Lately, we’ve talked a lot about monitoring your network. We’ve gone over passive and active monitors, SNMP, and sFlow vs NetFlow, but there’s one important part of monitoring that we’ve sort of glossed over: alerting.
Monitoring your network is all well and good, but it doesn’t help to have someone watching what’s happening on your network if they aren’t telling you when things are going wrong. A good alert system empowers you to proactively respond
to problems before they impact users. Conversely, a poorly configured one can be a nuisance, causing business disruptions, burnout and, worst of all, “alert fatigue” that conditions users to ignore important alerts. Anyone who’s
woken up a storm of alerts from their monitoring system only to log on and find your systems humming along without issue can attest to that.
All-in-all, it’s safe to say that Alerting is one of the most important pieces of the network monitoring puzzle, so why is it that it’s so commonly misconfigured? In this blog post, we’ll go over the do’s and don’ts of alerting,
and discuss how properly configured alerting can save time, money, effort, and even your sanity.
The Bad: False Positives, Alert Storms, and Alert Fatigue
Before we look at good alerting, let's examine the issues that a poorly configured system can cause: false positives, alert storms, and, worst of all, alert fatigue.
False positives are what happens when you get an alert telling you that something is wrong, only to log on and find that everything is A-Ok. Trust me, there’s nothing worse than a false positive in the middle of the night. False positives can result from improperly set-up thresholds, polling periods or action policies. For example, if your monitoring tool is set up to poll active monitors every 60 seconds, but you have an action policy set up to e-mail you immediately after something goes down, you may end up with more alerts than you wanted.
An alert storm occurs when one device goes down and its entire hierarchy of dependent devices sends out alerts as well, telling you that they’ve lost connection. Of course, you already know this, but now you have dozens of alerts flooding your
inbox. Dependency mapping can help ensure that this doesn’t happen.
Both of these problems can erode user-trust in your alerting, and lead to our final problem-child: alert fatigue.
Alert fatigue occurs when one is exposed to a large number of frequent alarms (alerts) and consequently becomes desensitized to them. In other words, all of those alerts simply become background noise, and the alerts that actually
matter fade into that din as well. In the worst cases, employees may even set up email filters for alerts—a major faux pas. Alerts that end up in the spam folder won't do any good.

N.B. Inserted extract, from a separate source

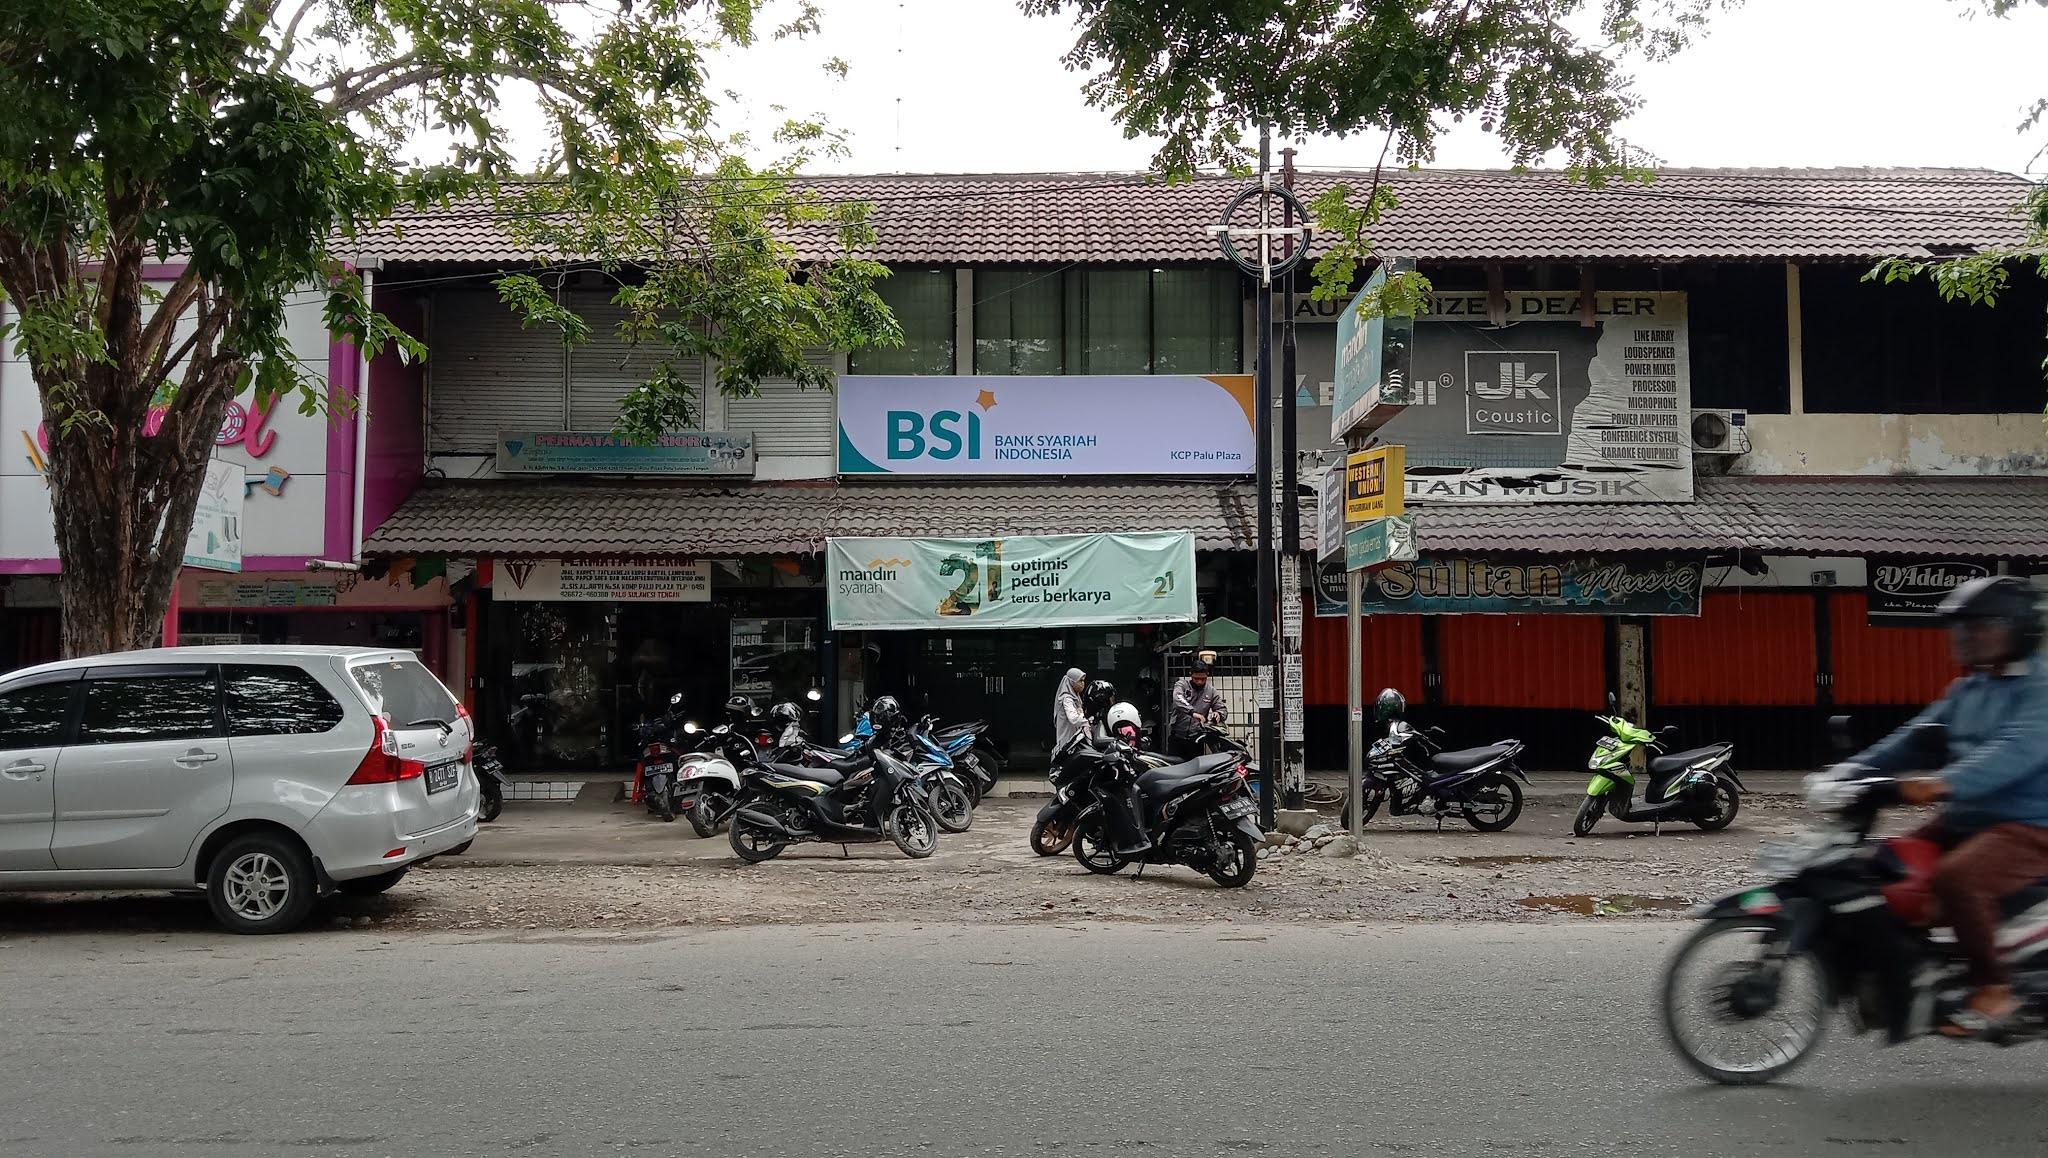 Daftar Bank Syariah di Indonesia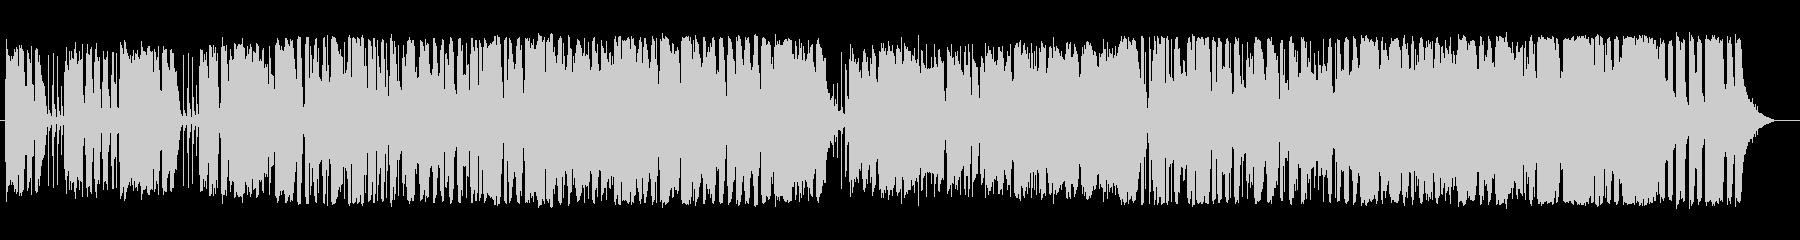 法人 パーカッション ピアノ トロ...の未再生の波形

Five Key Qualities of Well-Configured Alerts
So now that we know what bad alerting looks like, let’s look at the opposite. A well configured network monitoring system should be able to keep your team on top of what's going on in your network so they can act before users are negatively affected.
So, what does that look like? Alerts should have these five properties:
Actionable: On-call techs don't need to be bothered with low-priority or informational alerts.It’s important to be selective when setting alerts up so that you don’t overwhelm your personnel with useless alerts. For example,
you might not be interested in informational events happening on your Windows systems or your domain controller, So you may only set up critical alerts on those systems.
Trustworthy: False-positives and an excess of low-priority alerts erode trust in the system, which can lead to important alerts being ignored.
Dependency-aware: You should not get alerts for each dependent device that goes down. If a gateway-device goes down, that’s the only alert you need, you don’t need an alert from every single connected device beyond that
telling you that its lost connection.
Escalatable: You should be able to sent alert notifications per a predefined order of hierarchy, which avoids multiple alerts that could overwhelm personnel, but also escalates alerts to the proper personnel. That way your sysadmins
won’t alerted for routine issues that a tech could handle unless the tech is unresponsive.
Alarming: Alerts should be able to reach your techs, wherever they are! That doesn’t necessarily mean a blaring klaxon and flashing red lights, but you need options for alerting. Whether via email, SMS, or slack, you need
to know when something is going on.
How WhatsUp Gold Can Help Stop Alert Storms and Prevent Alert Fatigue
Setting up efficient, actionable alerting is a lot easier with a powerful network monitoring tool like WhatsUp Gold (WUG).
WUG comes with several out of the box features that will help you easily set up actionable alerts for your network devices, including:
Alert Escalation: Notification policies in the WUG Alert Center can be configured to escalate alerts based on the criticality of the network components – the alerts can move up from automatic trouble ticket generation to sending
out alerts to pre-designated administrators.
Alert Acknowledgement: The first responder’s acknowledgment is considered an indication the issue is being addressed, and no further alerts are sent, unless triggered by the notification policy or as log messages after the issue
has been resolved. This ensures that the issues are not fixed within the timeframe are addressed appropriately. Likewise, information about the action taken can be added to the acknowledgment process, thereby providing problem resolution data that
can be used in the event the issue reoccurs.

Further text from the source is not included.